- [Problem to work on]: Copy every line from the records below that holds the word "game".

[Data records]
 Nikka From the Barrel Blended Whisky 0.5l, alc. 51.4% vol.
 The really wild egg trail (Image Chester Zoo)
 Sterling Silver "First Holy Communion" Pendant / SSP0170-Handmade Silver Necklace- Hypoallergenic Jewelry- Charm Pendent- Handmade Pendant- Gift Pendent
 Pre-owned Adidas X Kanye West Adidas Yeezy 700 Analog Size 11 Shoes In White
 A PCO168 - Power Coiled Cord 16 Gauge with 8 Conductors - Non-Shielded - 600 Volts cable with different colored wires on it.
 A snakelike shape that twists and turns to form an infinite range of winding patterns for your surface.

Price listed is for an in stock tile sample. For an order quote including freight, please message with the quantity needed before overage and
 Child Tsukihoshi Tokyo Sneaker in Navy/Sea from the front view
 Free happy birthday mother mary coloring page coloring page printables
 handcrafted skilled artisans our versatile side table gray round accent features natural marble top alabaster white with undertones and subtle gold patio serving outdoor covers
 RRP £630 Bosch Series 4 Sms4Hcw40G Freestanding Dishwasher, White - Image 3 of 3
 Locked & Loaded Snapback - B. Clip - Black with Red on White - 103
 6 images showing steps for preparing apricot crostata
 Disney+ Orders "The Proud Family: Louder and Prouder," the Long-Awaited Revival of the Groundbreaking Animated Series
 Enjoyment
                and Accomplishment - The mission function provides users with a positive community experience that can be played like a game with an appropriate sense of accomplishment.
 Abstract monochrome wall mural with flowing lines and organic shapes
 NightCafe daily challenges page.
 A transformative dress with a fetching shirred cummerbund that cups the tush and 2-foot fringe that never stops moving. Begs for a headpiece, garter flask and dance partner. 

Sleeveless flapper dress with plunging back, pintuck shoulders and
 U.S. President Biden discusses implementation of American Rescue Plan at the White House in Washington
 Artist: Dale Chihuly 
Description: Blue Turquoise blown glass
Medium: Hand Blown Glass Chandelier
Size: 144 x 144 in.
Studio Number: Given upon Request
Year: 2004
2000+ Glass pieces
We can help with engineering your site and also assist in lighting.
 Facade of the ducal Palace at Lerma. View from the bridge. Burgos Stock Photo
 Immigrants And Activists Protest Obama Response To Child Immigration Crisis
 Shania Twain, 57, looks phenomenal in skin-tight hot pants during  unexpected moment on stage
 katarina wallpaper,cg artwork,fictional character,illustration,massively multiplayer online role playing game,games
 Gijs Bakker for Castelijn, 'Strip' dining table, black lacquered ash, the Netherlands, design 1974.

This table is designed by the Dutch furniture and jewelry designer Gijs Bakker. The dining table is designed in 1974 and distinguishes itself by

- [Your response]:
                and Accomplishment - The mission function provides users with a positive community experience that can be played like a game with an appropriate sense of accomplishment.
 katarina wallpaper,cg artwork,fictional character,illustration,massively multiplayer online role playing game,games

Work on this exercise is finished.